De jeugd van tegenwoordig ziet een samenleving waarbij computers alles gaan bepalen, niet zitten. Een vrij kleine groep jongeren kan worden beschouwd als zeer intensieve PC-gebruikers. Een overgrote meerderheid vindt echter vriendschap veel belangrijker.
Evers Webers, projectleider van het bureau Inter/View, concludeerde dat tijdens het seminar Informatie- en Communicatietechnologie in het onderwijs. Organisator hiervan was de Hogeschool Holland. Uit een onderzoek onder jongeren van 9 tot en met 18 jaar blijkt dat 94 procent wel eens achter de computer zit. Tweederde van de jongeren doet dat zo nu en dan thuis, nog eens tweederde gebruikt de computer af en toe op school, terwijl 58 procent bij anderen met de computer werkt.

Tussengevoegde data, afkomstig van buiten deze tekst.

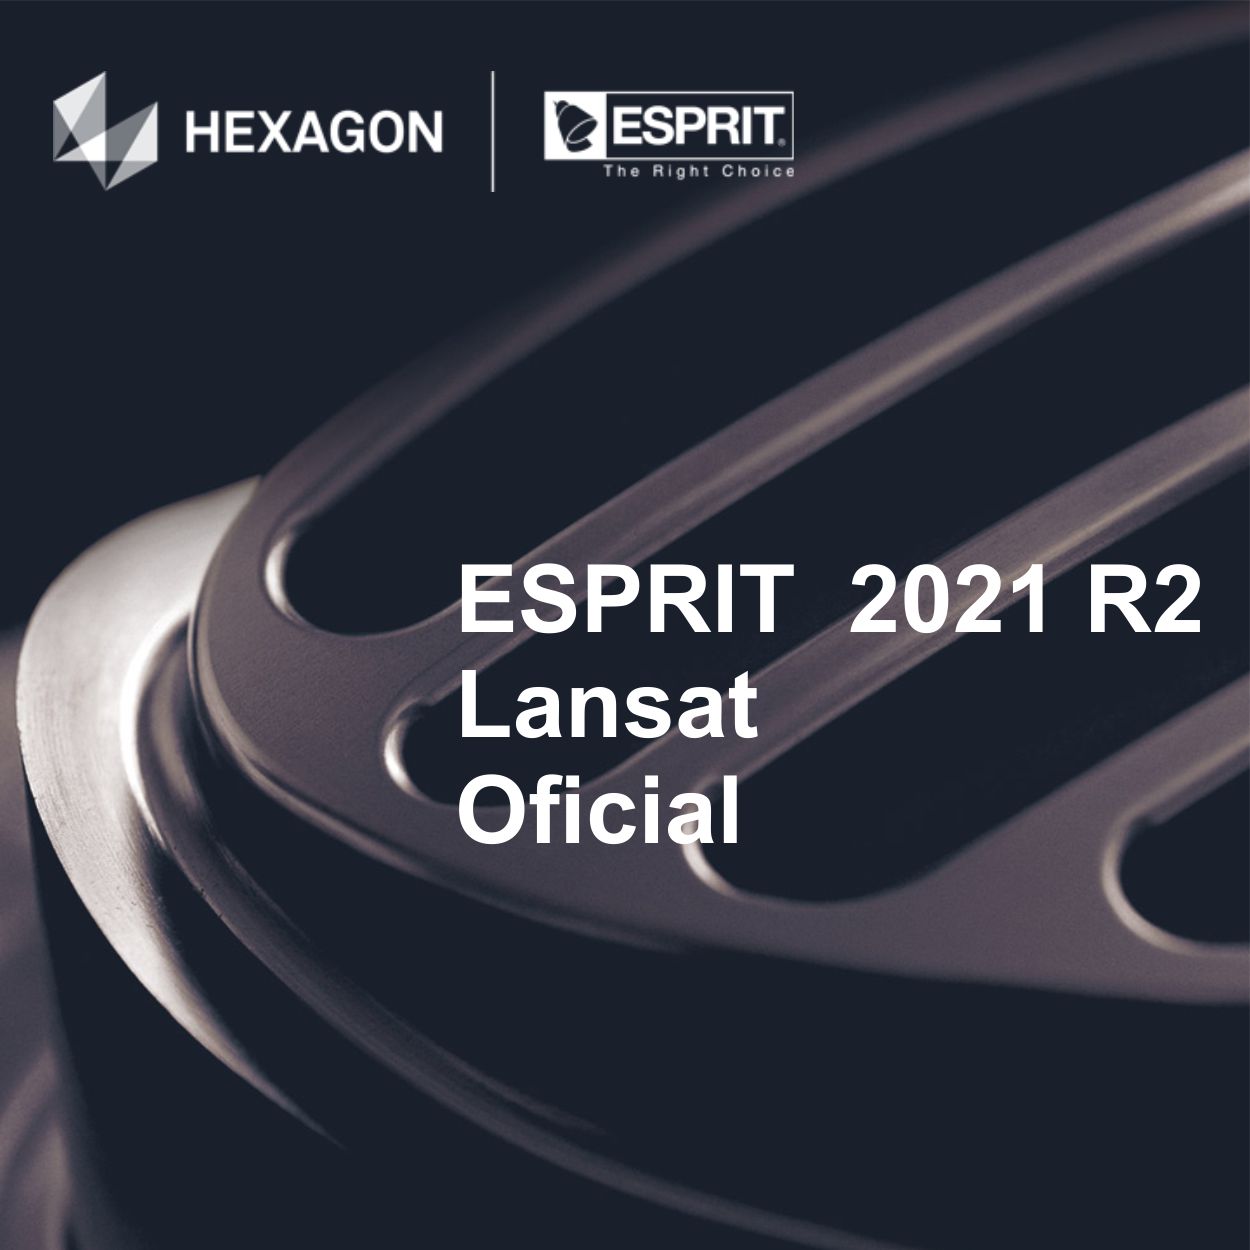 ESPRIT 2021 R2 - s-a lansat oficial

Slechts 4 procent van de jongeren uit deze leeftijdsgroep heeft een Internet-aansluiting. Tweederde heeft dus thuis een PC, maar in 60 procent van de gevallen is die meer dan twee jaar oud. Een kwart van de huishoudens met een jongere is in het bezit van een CD-Rom-speler. Tweederde heeft een spelcomputer.
Niet sociaal
Nog geen tiende van de jeugd zit dagelijks achter de PC, een kwart wekelijks en de rest minder dan één keer per week. Met name jongens en hoger opgeleiden behoren tot de meer frequente gebruikers. De meeste jongeren vinden de PC niet zo’n sociaal apparaat. Vrienden worden belangrijker geworden.
De meest gebruikte toepassingen bestaan uit spelletjes, tekstverwerking, tekenen en programma’s voor school. De meeste jongeren beschouwen zich zelf als eenvoudige gebruikers. De groep die zelf kan programmeren of in staat is in computers in te breken, is heel klein. Het gebruik op school valt tegen. Eenderde doet dit nooit. Slechts 2 procent zit dagelijks op school achter de PC.
Vergeleken met vroegere generaties hebben jongeren relatief veel toegang tot een computer. Zoals gezegd, hebben bijna alle jongeren hier wel enige ervaring mee. Ze hebben duidelijk minder angst voor knoppen dan hun ouders.
Een kwart van de jongeren denkt dat de computer hun leraren op den duur zal vervangen. Overigens acht slechts 19 procent dat wenselijk. Eenderde verwacht dat de krant hierdoor wordt vervangen. Maar ook hier vinden maar weinigen dat wenselijk.